Internationale Liga für Menschenrechte

Internetpräsenz der Internationalen Liga für Menschenrechte

Donnerstag, 5. Mai 2022

Türkei: Willkürliche Verhaftung von Frauenrechtsverteidigerinnen in Diyarbakır

In den frühen Morgenstunden des 16. März 2022 führte die Polizei in Diyarbakır eine Razzia in den Wohnungen von 24 Frauenrechtlerinnen und Aktivistinnen durch und nahm sie willkürlich fest.
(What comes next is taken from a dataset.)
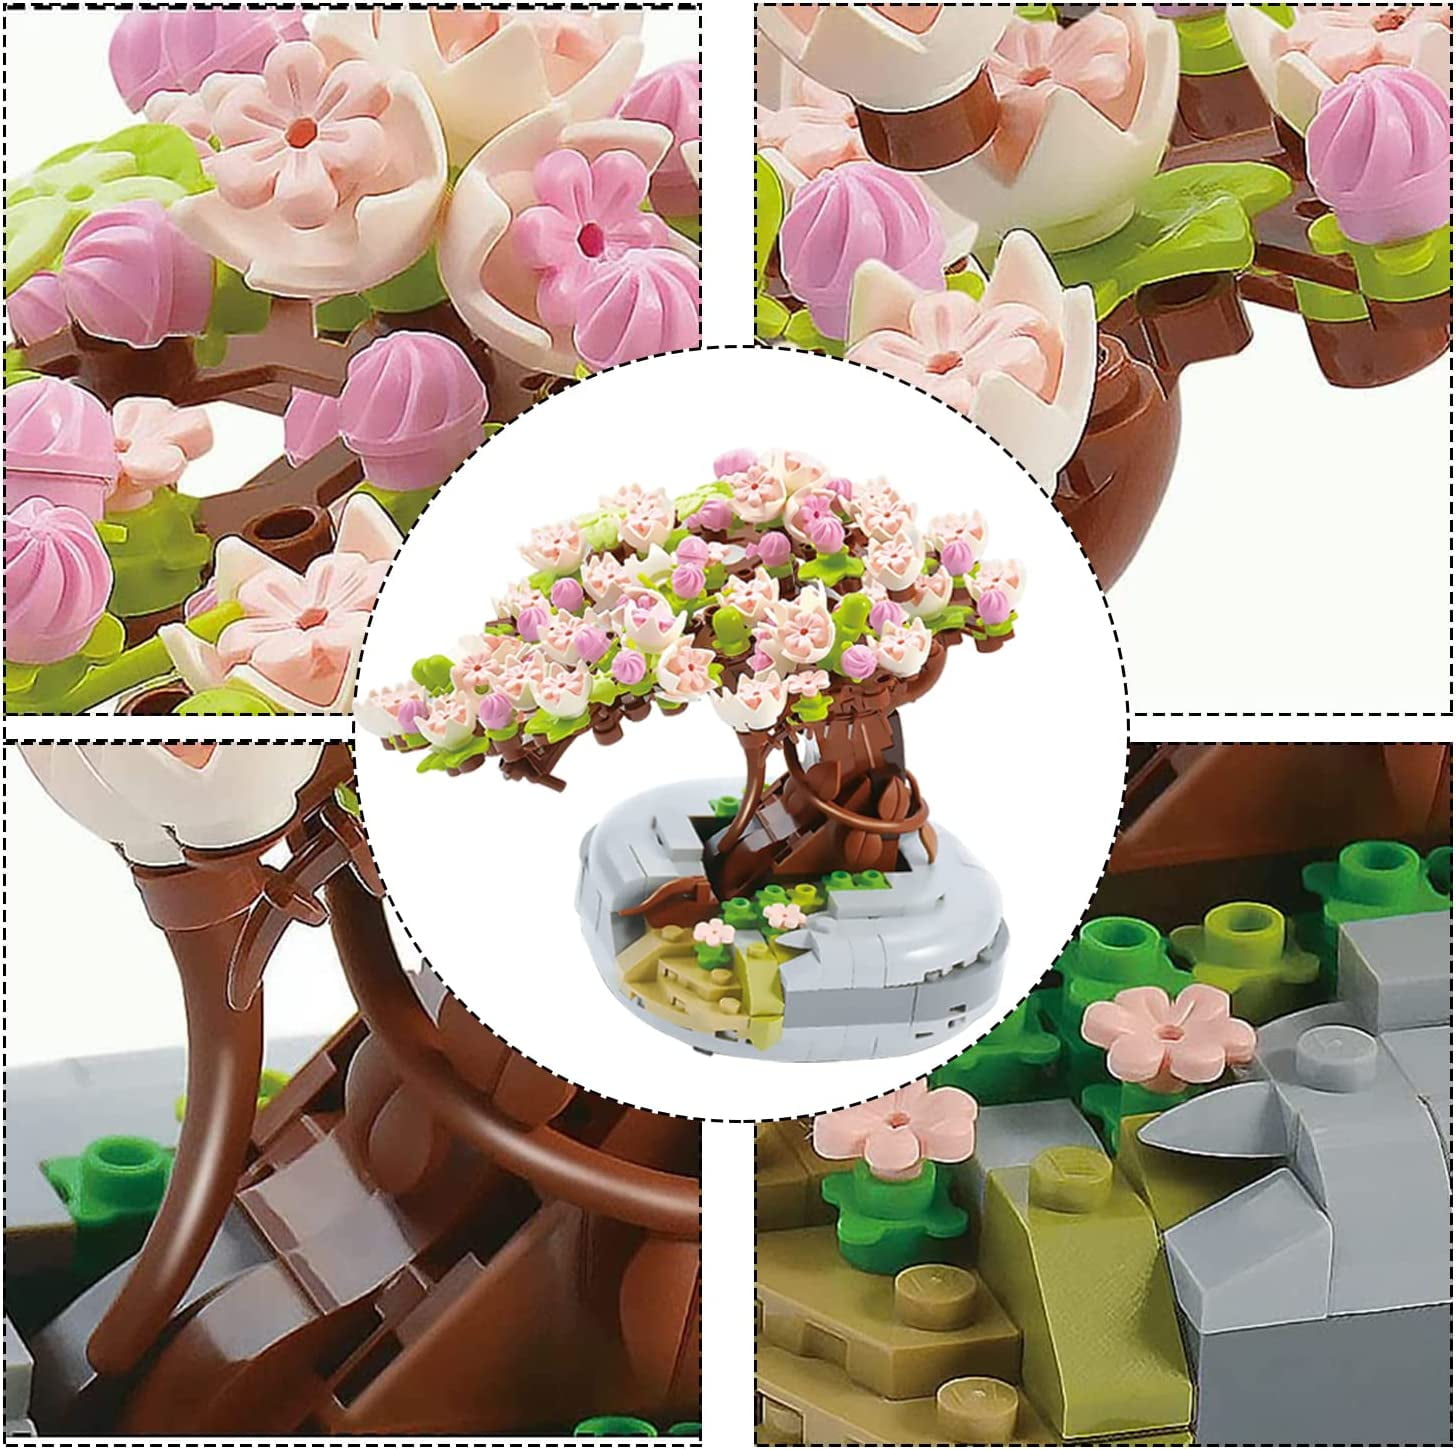 MEIEST Mini Building Blocks Flower Bouquet Plant Model Set,Creative  Artificial Flowers Botanical Collection Construction Building Bricks Toy  for

Am 18. März 2022 wurden 11 von ihnen verhaftet. Die Beobachtungsstelle für den Schutz von Menschenrechtsverteidigerinnen und -verteidigern (FIDH-OMCT), die Menschenrechtsvereinigung (İnsan Hakları Derneği-İHD) und die Menschenrechtsstiftung der Türkei (HRFT, Türkiye İnsan Hakları Vakfı-TİHV) verurteilen diesen neuen Angriff auf Frauenrechtsverteidigerinnen in der Türkei und fordern die Behörden auf, sie unverzüglich und bedingungslos freizulassen. Sie fordern die türkische Regierung auf, die gerichtlichen Schikanen gegen alle Menschenrechtsverteidigerinnen, einschließlich kurdischer Frauenrechtsverteidigerinnen, einzustellen.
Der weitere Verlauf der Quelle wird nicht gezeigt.